La imbricación de cuerpo y sujeto tiene trayectos complejos, fructíferos y aún indecidibles en el desarrollo de la historia del pensamiento.
Nos ubicamos, en principio, desde el psicoanálisis tributario centralmente de la obra de Freud y con los aportes singularísimos de Jacques Lacan.
El término sujeto no adquiere en la escritura de Freud el nivel del concepto. Es llamativo que en la versión traducida por Etcheverry y editada por Amorrortu el uso del término apenas supere las 70 ocasiones, mientras que la anterior traducción de López Ballesteros sobrepasa las mil. Manifestación elocuente del equívoco y malentendido que se produce, seguramente con más contundencia, en el pasaje entre lenguas.
Es Lacan quien, centrado en la función y campo de la palabra y el lenguaje en psicoanálisis (título a su vez de su Discurso de Roma de 1955) sostiene una diferencial definición de sujeto que mantendrá en el decurso de su enseñanza.
Acentúa la localización del sujeto como efecto de la articulación entre significantes. Un significante representa al sujeto para otro significante, nos dice.

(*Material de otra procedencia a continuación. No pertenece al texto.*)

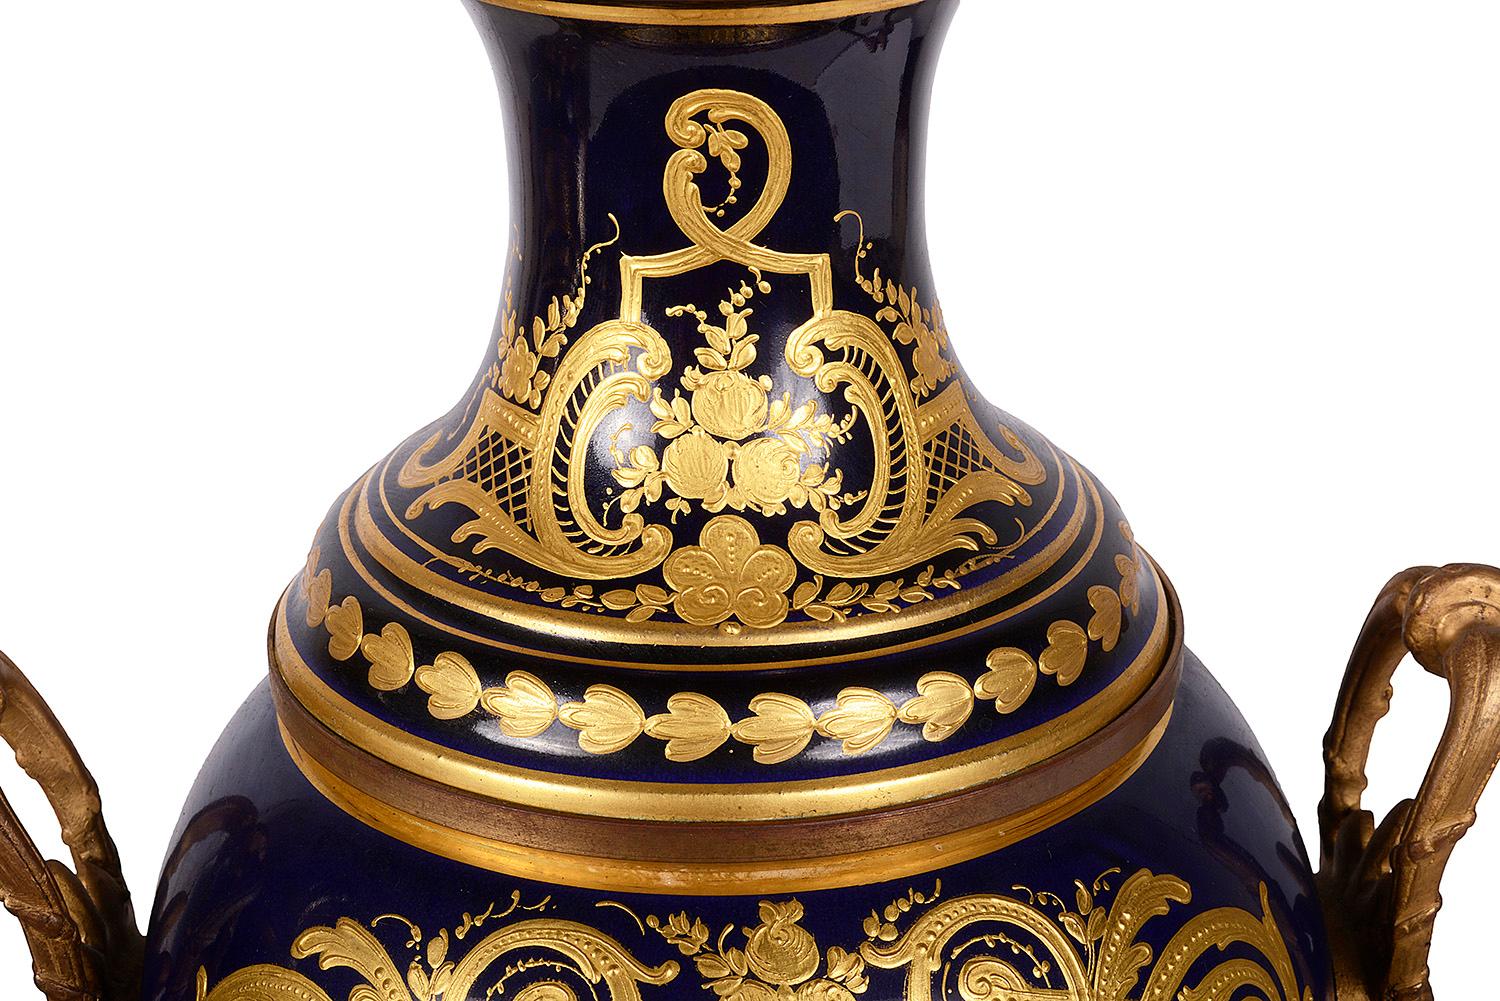 Une paire de vases en porcelaine de style Sèvres de bonne qualité, datant de la fin du 19e siècle, chacun avec des poignées classiques en bronze doré de chaque côté, un fond bleu cobalt avec une décoration dorée, des panneaux peints à la main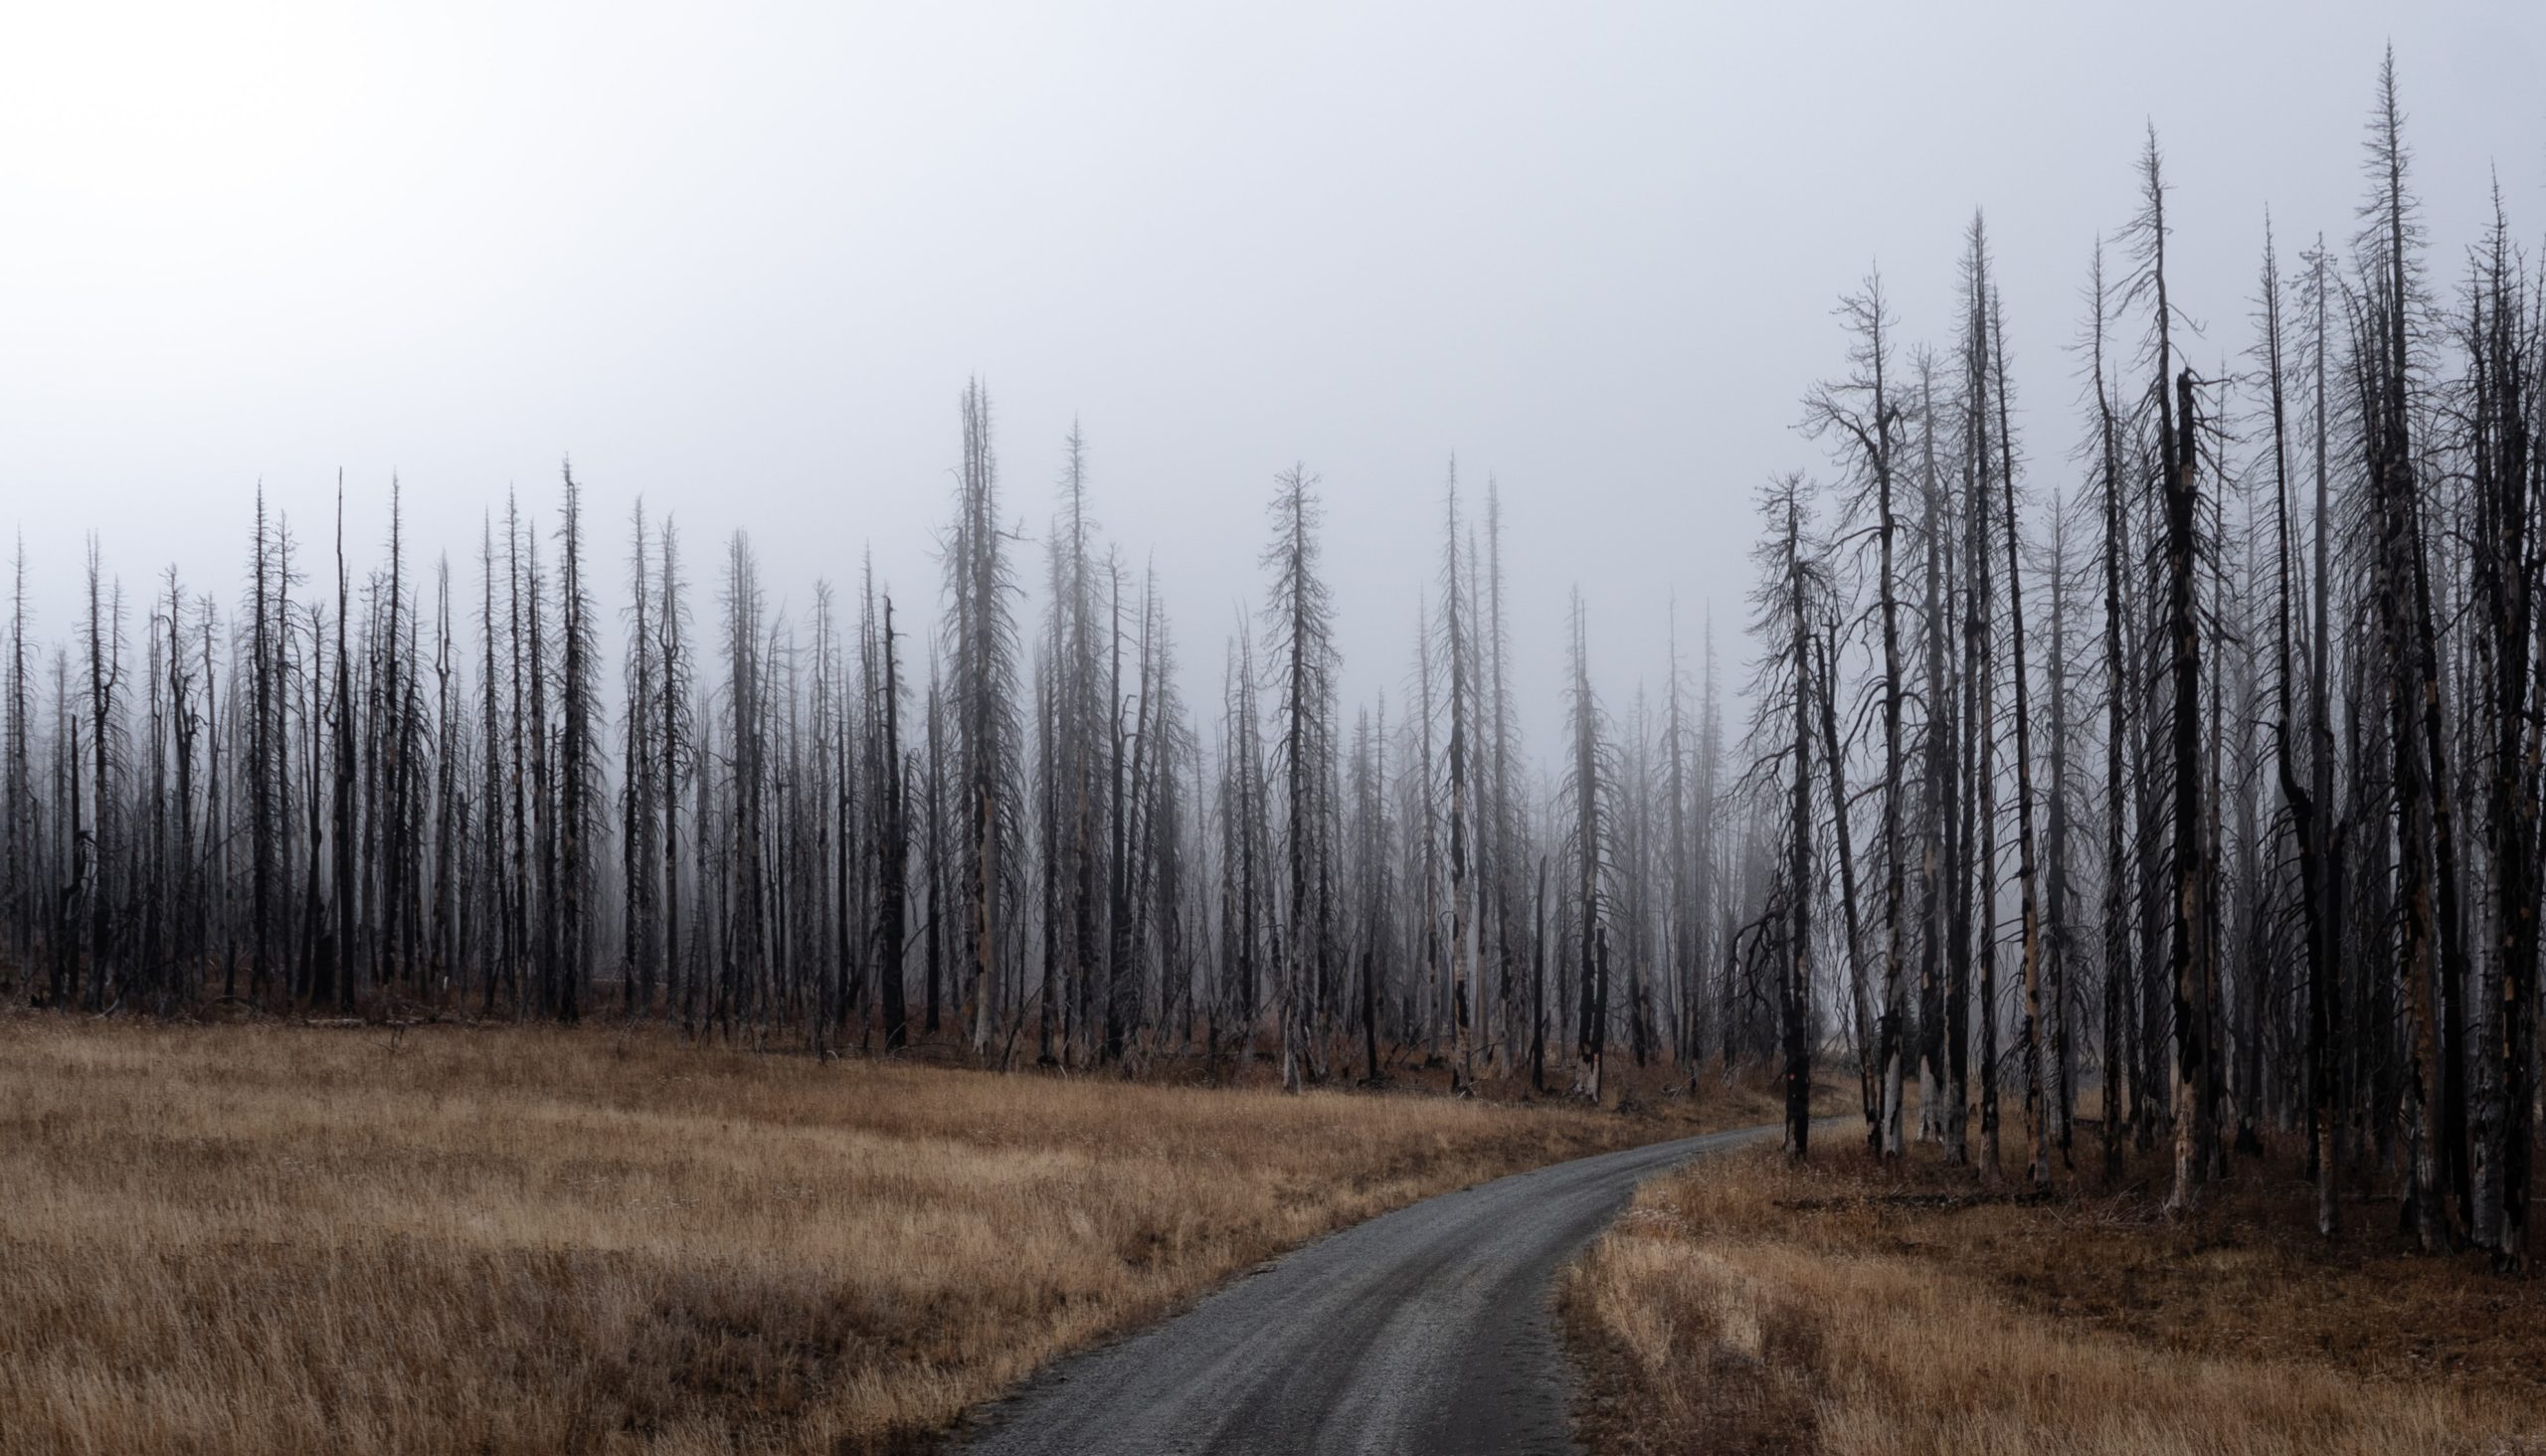 Eine Betonstraße führt durch einen Wald, der komplett abgebrannt ist. Nur noch die schwarzen Stämme stehen im Nebel

Una de las derivaciones mayores de ese movimiento se sostiene de diferenciar sujeto de individuo. La idea de individuo puede deslizarse a prescindir del campo del otro – Otro (escrito con las dos grafías: el semejante y el Otro del lenguaje, paso a la cultura, la ley y sus determinaciones)
El individuo suele adquirir representación imaginaria de esfera, aun cuando tome las complejas formas de un organismo con extremidades, que se cierra sobre sí mismo. Lo exterior al individuo-esfera serían solo condiciones medioambientales.
El psicoanálisis incidido por la obra de Lacan, recurre a figuras topológicas para precisar el alcance de su noción de sujeto: la del toro, de alguna forma equivalente a una cámara de neumático, en la que se localiza un agujero central, que permanecerá como agujero aunque reduzcamos su tamaño a un aparente punto. Será un punto agujereado. No deja de ser una formalización que alude a la castración simbólica como fundante.
La banda de Moebius, banda que en su torsión nos ofrece un solo lado que habilita a un recorrido sin fin, diluye las consideraciones de lo interno y lo externo, permitiendo tematizar la posición sujeto incidido por las determinaciones simbólicas adquiridas en el decurso de secuencias vitales decisivas, ligadas al deseo como deseo del Otro.
Yendo a la dimensión del cuerpo, los hablantes, cada quien en su lengua, se encuentran en dificultad para enunciar que se “es” un cuerpo. Es más factible que se recurra a expresiones del orden del “tener un cuerpo”, forma expresiva que manifiesta una distancia y articulación entre ese sujeto que habla y el cuerpo, para el caso el propio, al que se refiere.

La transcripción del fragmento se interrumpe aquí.